Before you write out the listing, remove the pictures; everything else stays exactly as it is.
--- Data excerpt Enclosed Below ---
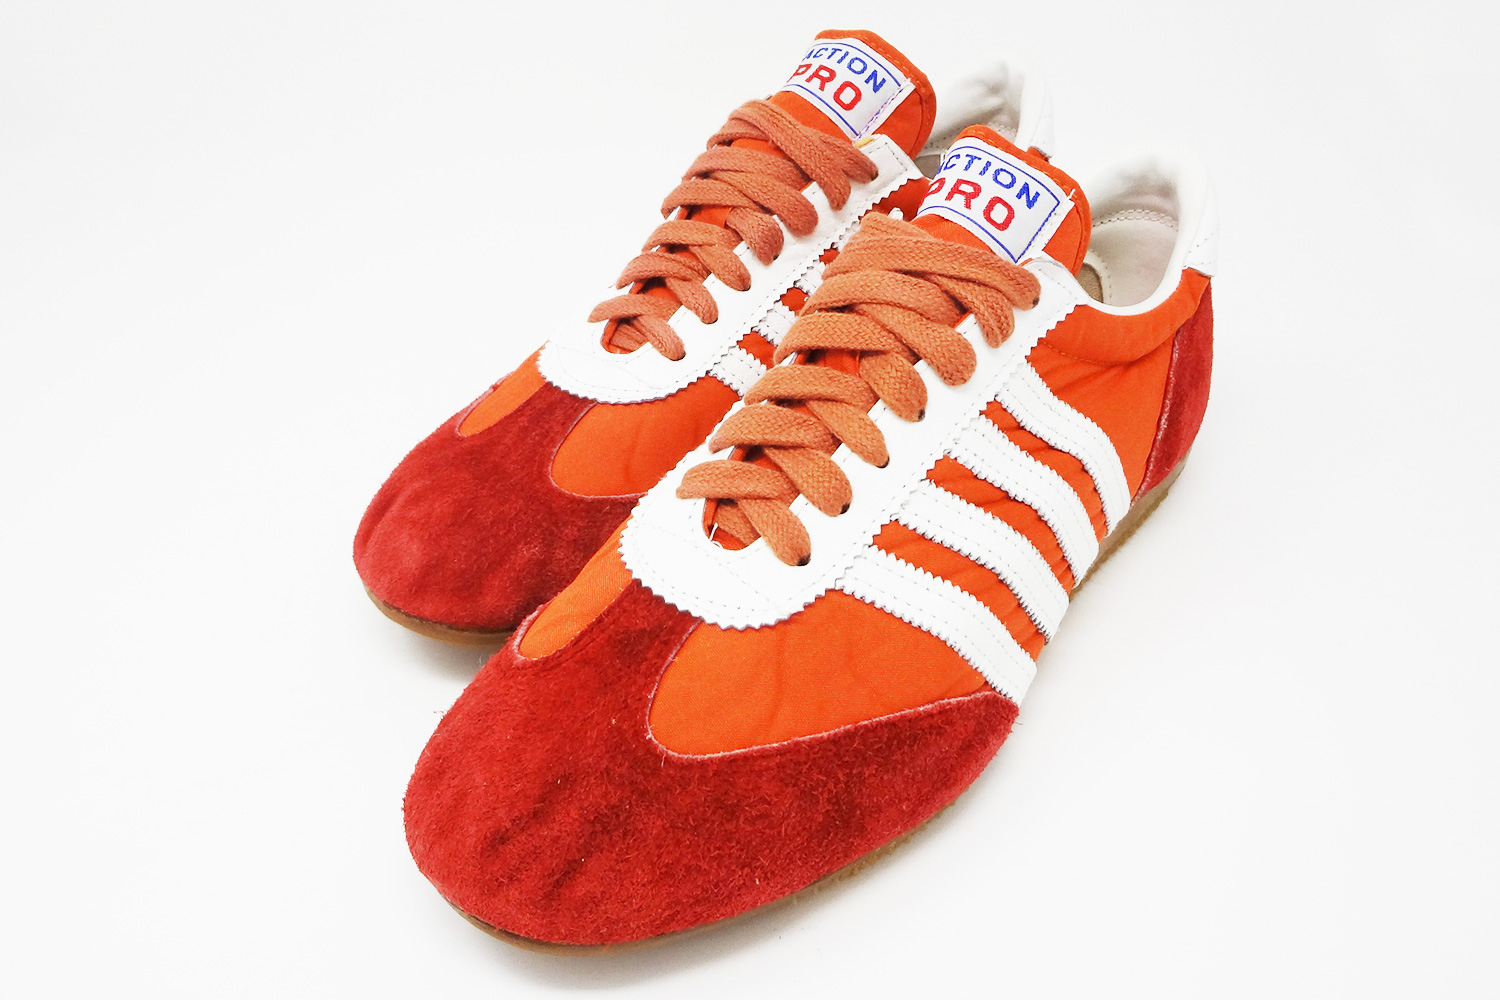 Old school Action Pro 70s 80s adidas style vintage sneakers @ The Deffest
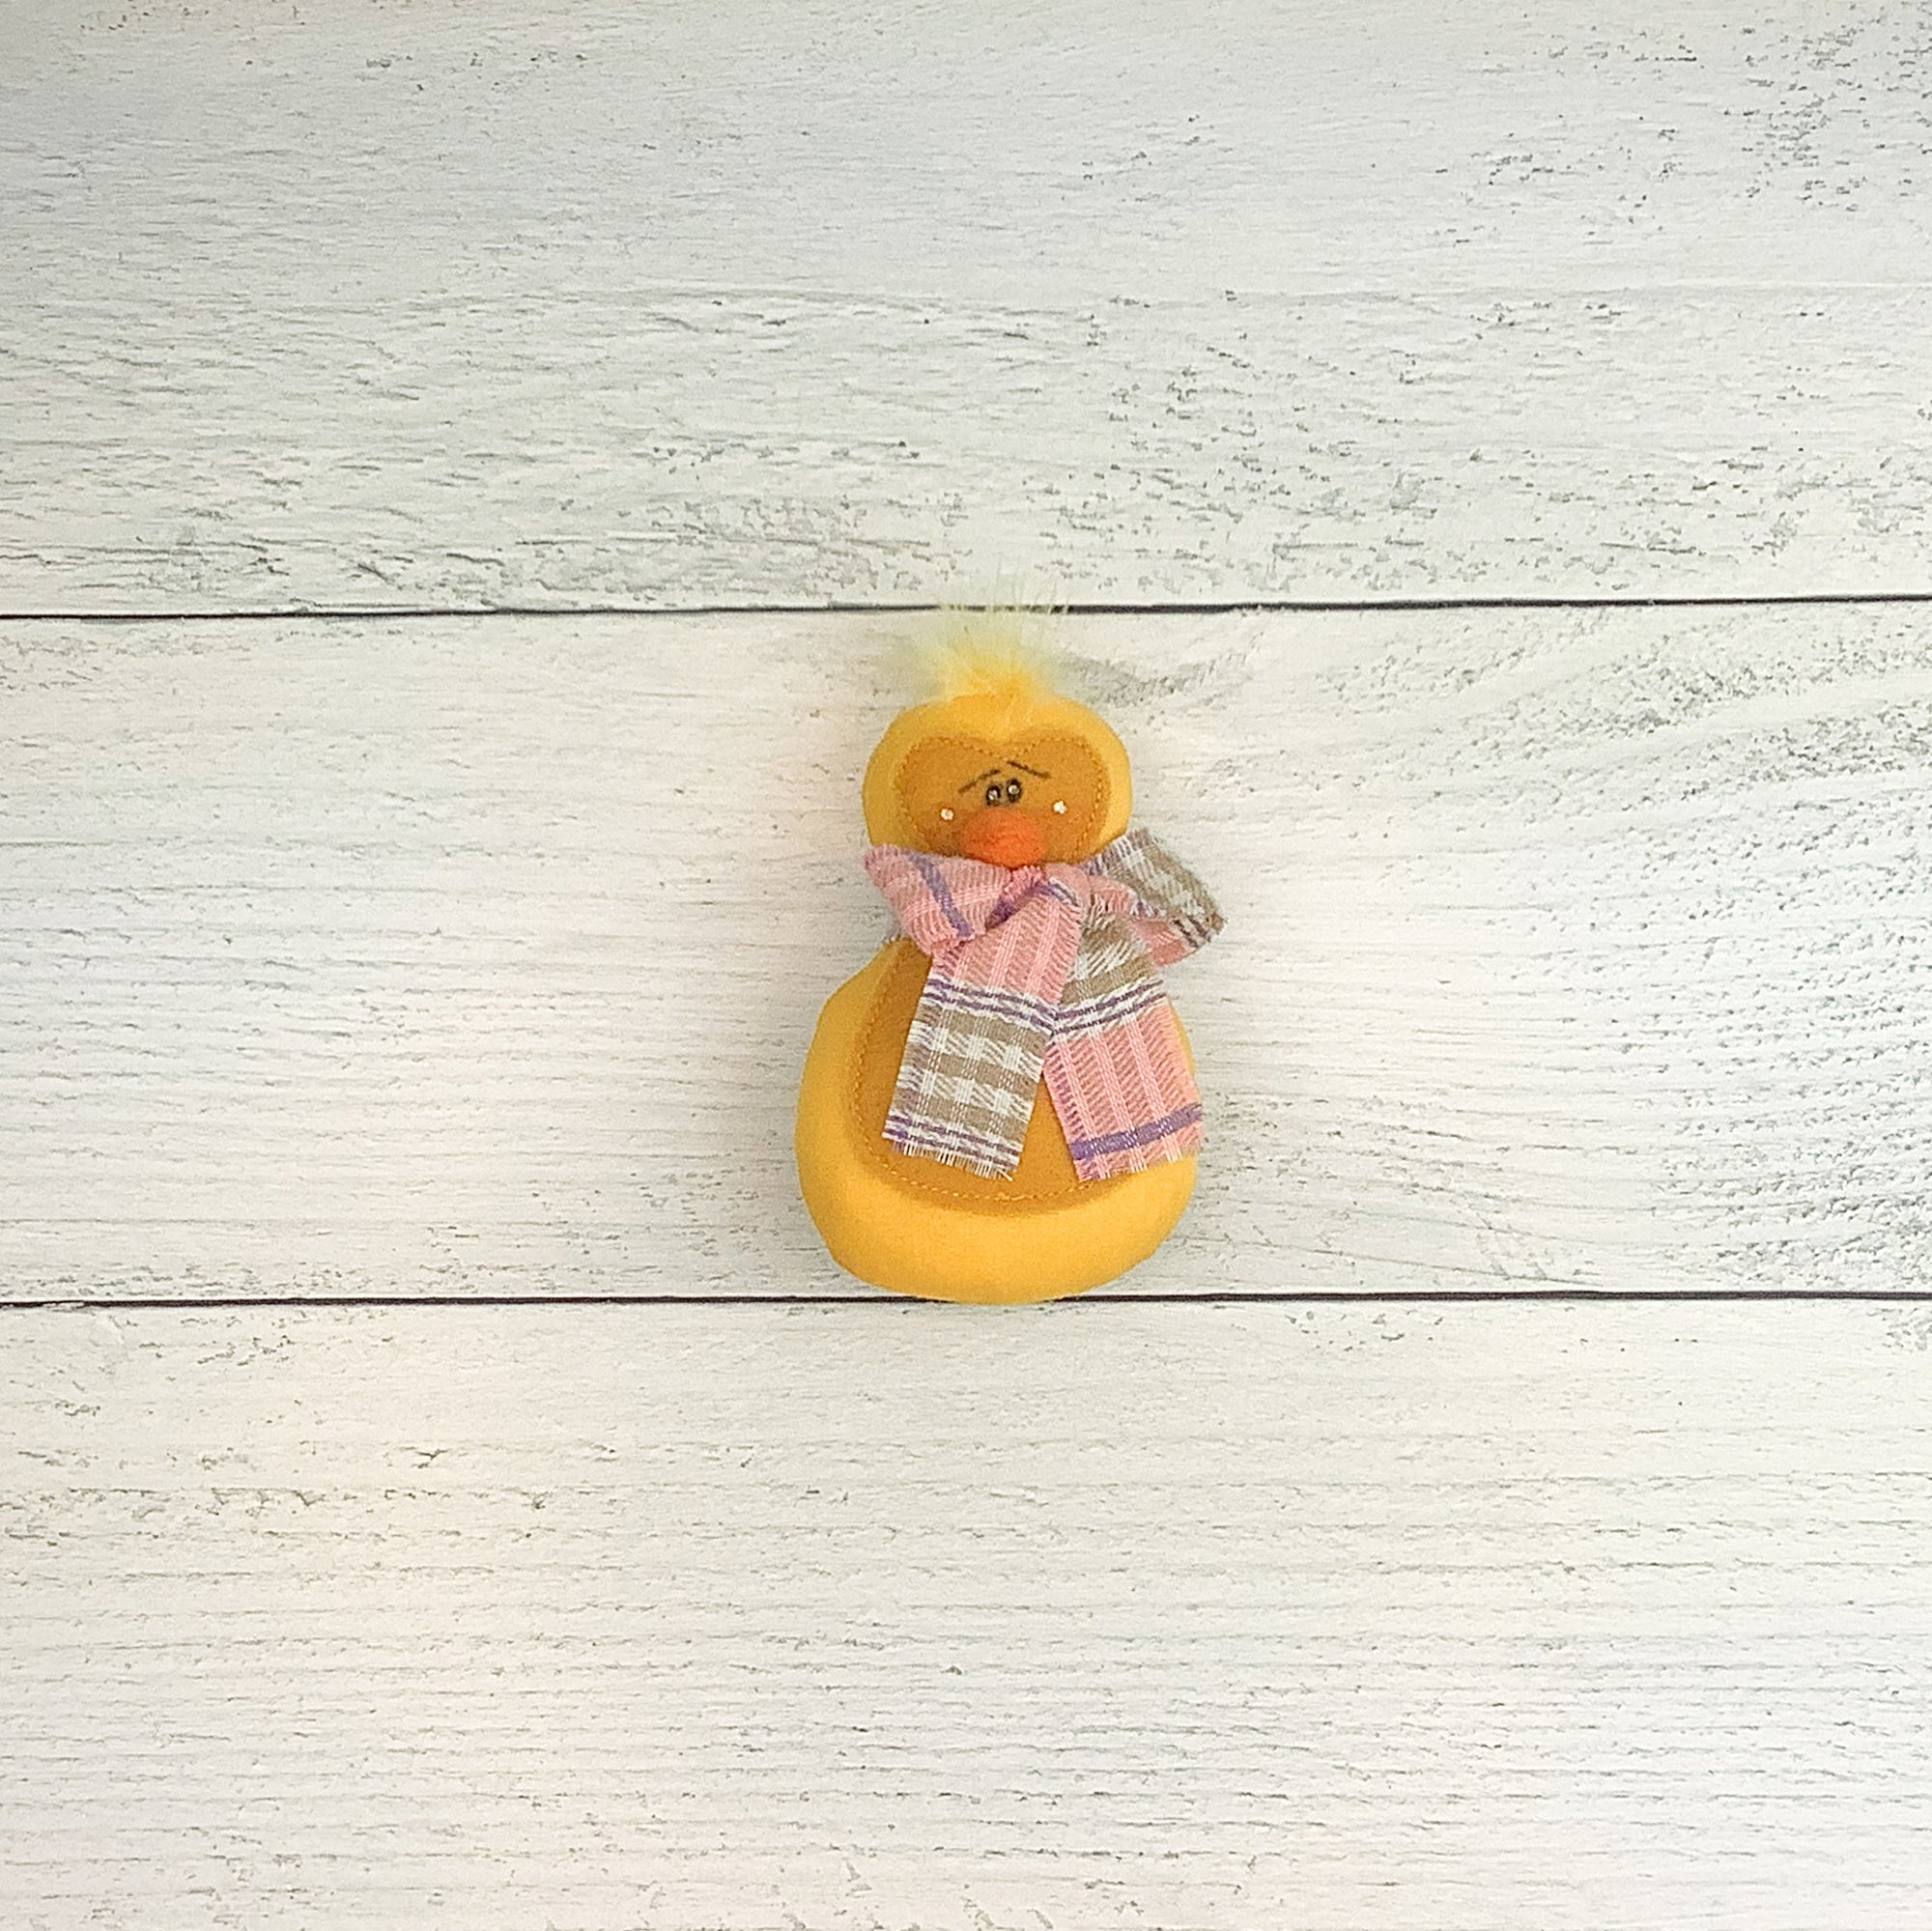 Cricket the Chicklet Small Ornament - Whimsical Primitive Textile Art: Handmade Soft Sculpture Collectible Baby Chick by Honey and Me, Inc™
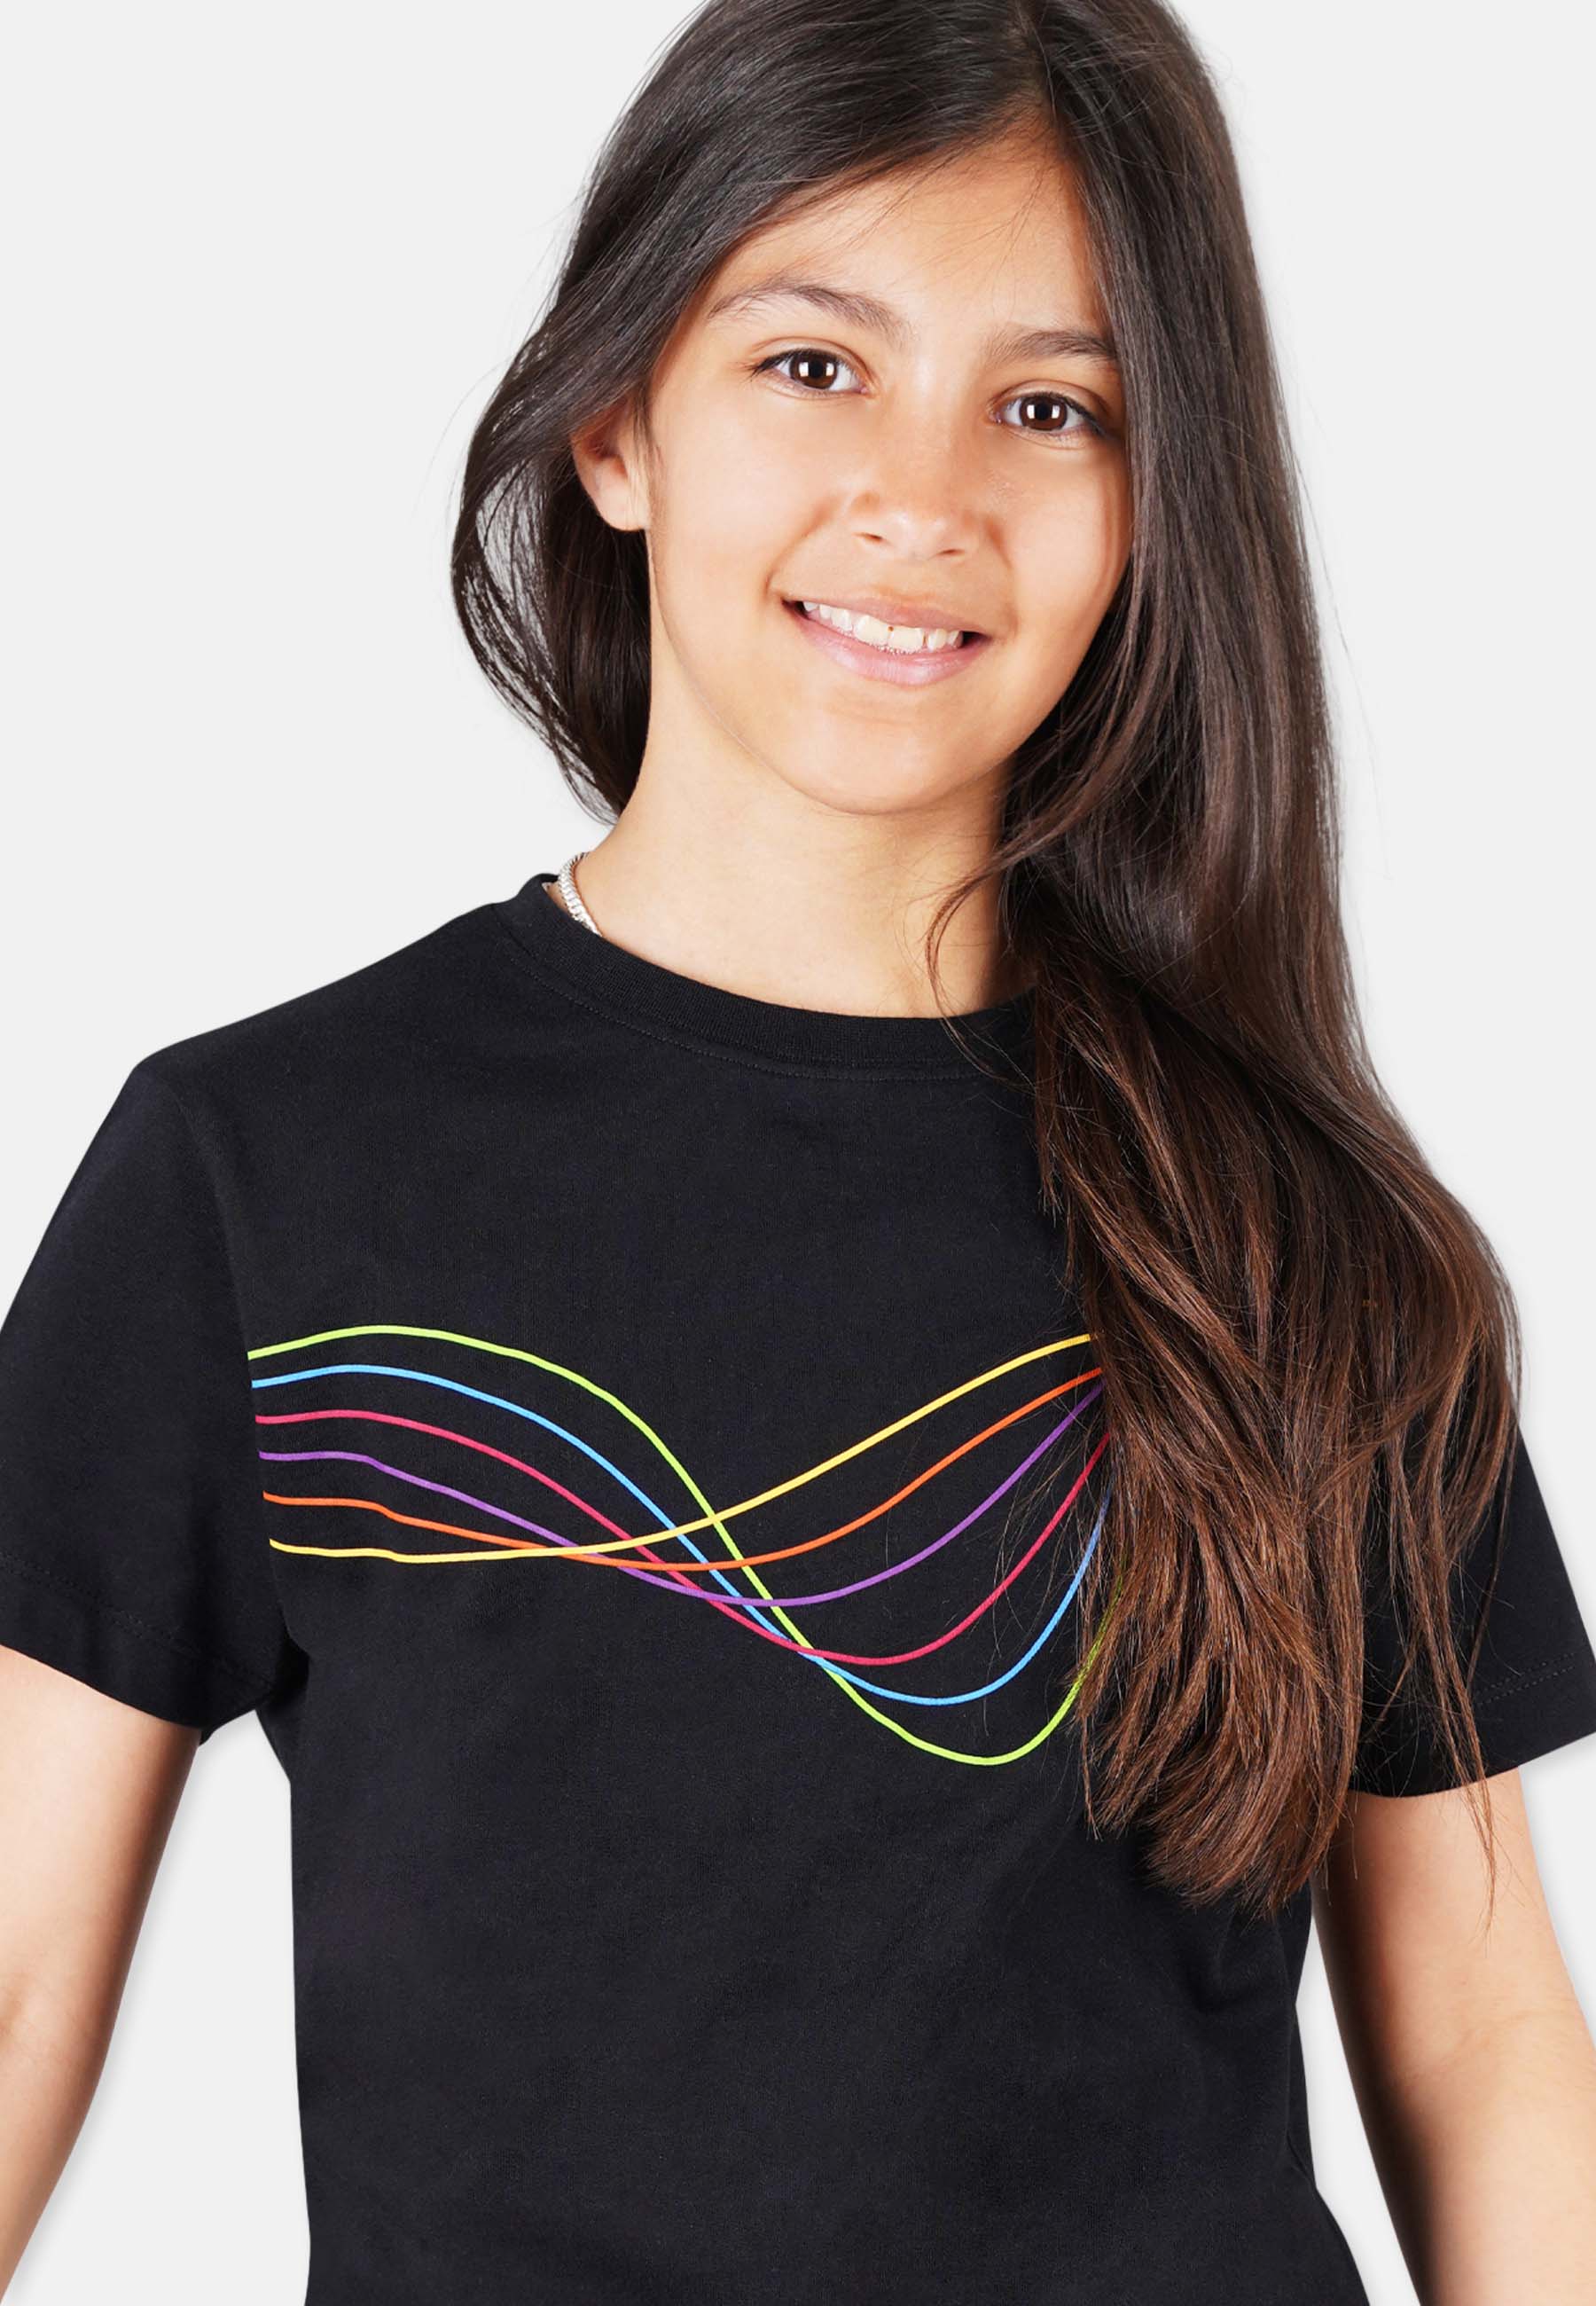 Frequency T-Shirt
--- End of Enclosed Data excerpt ---
→ **Solution to the exercise**
 Old school Action Pro 70s 80s adidas style vintage sneakers @ The Deffest
 Cricket the Chicklet Small Ornament - Whimsical Primitive Textile Art: Handmade Soft Sculpture Collectible Baby Chick by Honey and Me, Inc™
 Frequency T-Shirt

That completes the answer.